[Haskell-cafe] Redefining superclass default methods in a subclass
Brian Hulley
brianh at metamilk.com
Thu Jan 4 14:00:05 EST 2007
Hi,
Looking at some of the ideas in
http://www.haskell.org/haskellwiki/The_Other_Prelude , it struck me that the
class system at the moment suffers from the problem that as hierarchies get
deeper, the programmer is burdened more and more by the need to
cut-and-paste method definitions between instances because Haskell doesn't
allow a superclass (or ancestor class) method default to be redefined in a
subclass.
For example, consider this part of a proposal for Functor => Applicative =>
Monad:
-- I've just used 'm' so it's easy to see what parts are relevant to
Monad
class Functor m where
fmap :: (a -> b) -> m a -> m b
class Functor m => Applicative m where
return :: a -> m a
(<*>) :: m (a -> b) -> m a -> m b
(>>) :: m a -> m b -> m b
ma >> mb = -- left as exercise for a rainy day!
class Applicative m => Monad m where
(>>=) :: m a -> (a -> m b) -> m b
The problem with this is that whereas someone defining a Monad at the moment
only needs to define (return) and (>>=), with the above, though it gives
obvious advantages in flexibility, generality etc, defining a new Monad
involves providing methods (in instance decls) for fmap and (<*>) as well,
and the default method for (>>) is
ma >> mb = (fmap (const id) ma) <*> mb
(from that page above) which I'm sure everyone will agree is a *lot* more
complicated than:
ma >> mb = ma >>= (\_ -> mb)
Not only is the first definition for (>>) more complicated, it obscures the
simple fact that for monads it's just a trivial special-use case of >>=
where the bound argument is ignored.
Therefore I'm wondering if it would be possible to allow default methods for
a superclass to be defined, or redefined, in a subclass, so we could write:
class Applicative m => Monad m where
(>>=) :: m a -> (a -> m b) -> m b
mf <*> ma = mf >>= \f -> ma >>= \a -> return (f a)
ma >> mb = ma >>= \_ = -> mb
fmap f ma = ma >>= \a -> return (f a)
(I know the above can be written in a more point-free style but I wrote it
like that to make it easy to understand what's happening.)
The essential point here (excuse the pun :-) ) is that it is impossible to
write the default methods in the class in which the operation is defined,
because the implementation depends on methods of the relevant subclass (and
will therefore be different for different subclasses though not for each
particular instance of a given ancestor class of a particular subclass).
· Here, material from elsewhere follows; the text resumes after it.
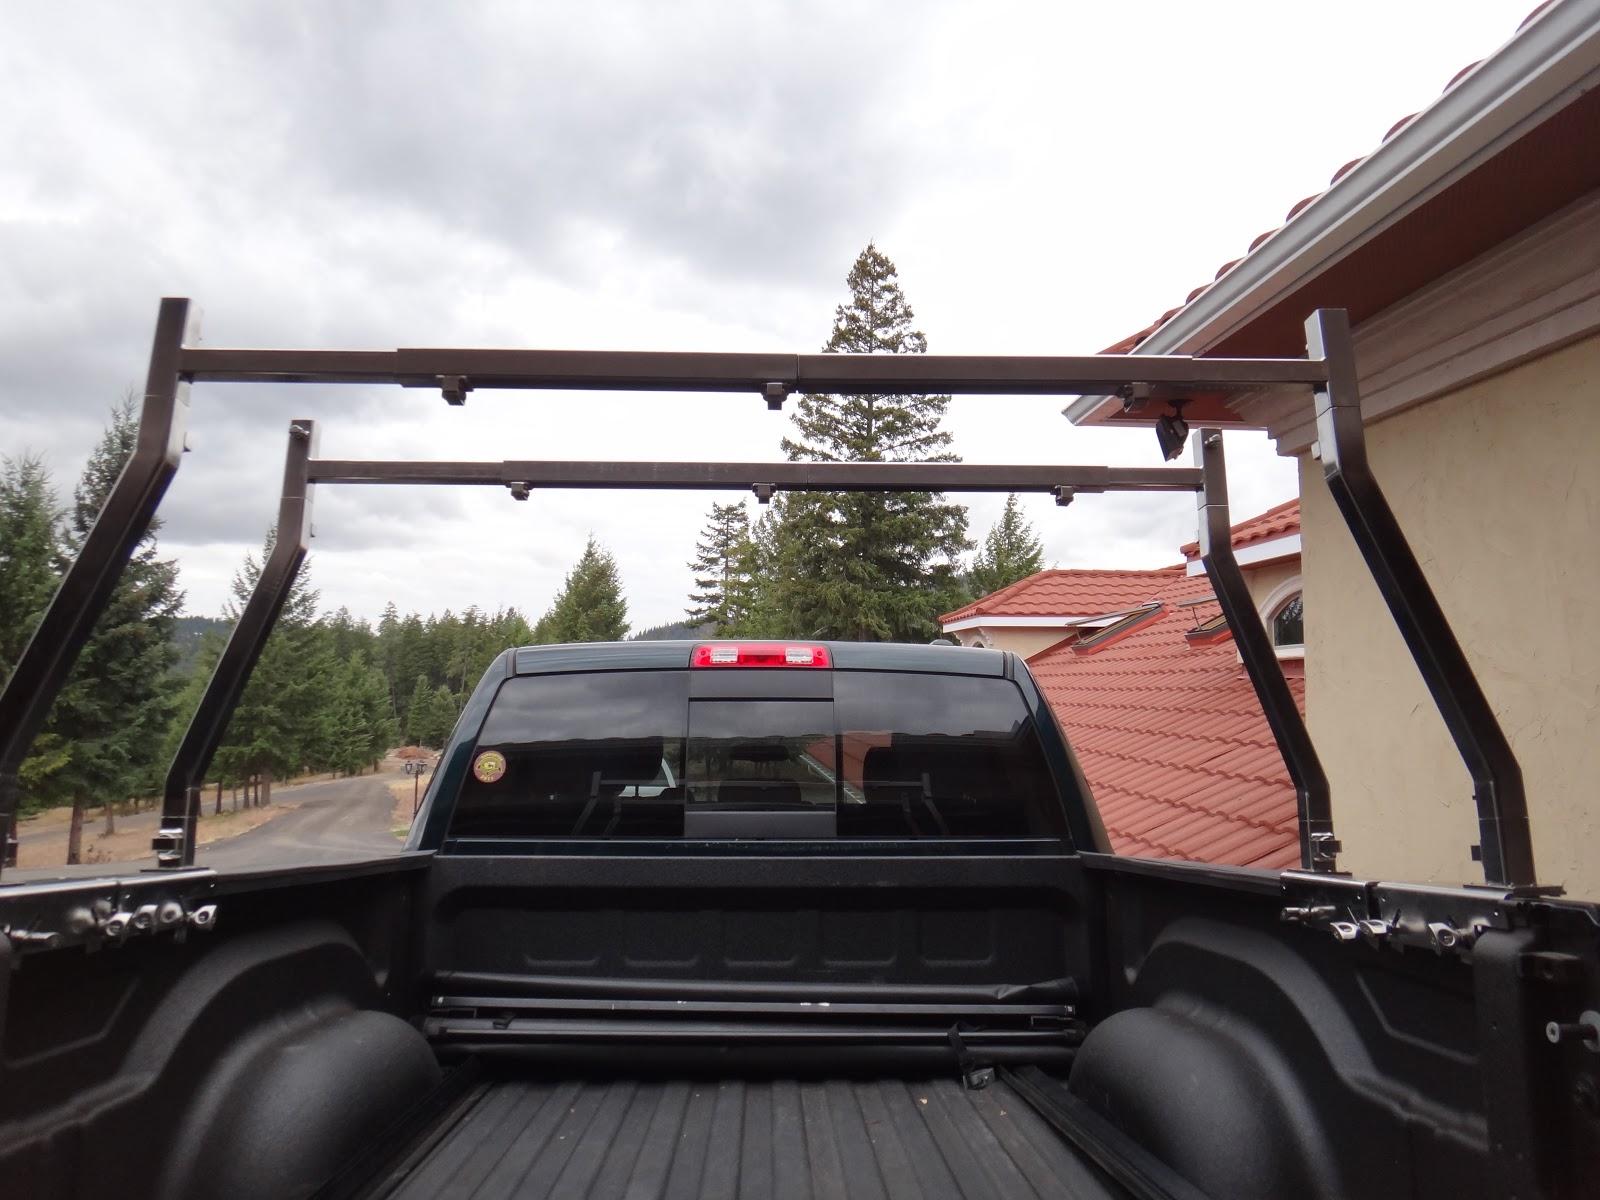 Z-RAK TRUCK RACK: Do you need a truck rack?

As
Haskell stands at the moment, we are forced to cut and paste identical
methods for each individual instance of each ancestor class of a particular
subclass because we can't override an ancestor class method in the *class*
decl for a subclass.
The type class system at present is based on the idea that you can define
related methods together and in terms of each other, at one level of the
hierarchy. However as the above example shows, related methods sometimes
need to be spread over the hierarchy but we still want to be able to define
default implementations of them in terms of each other.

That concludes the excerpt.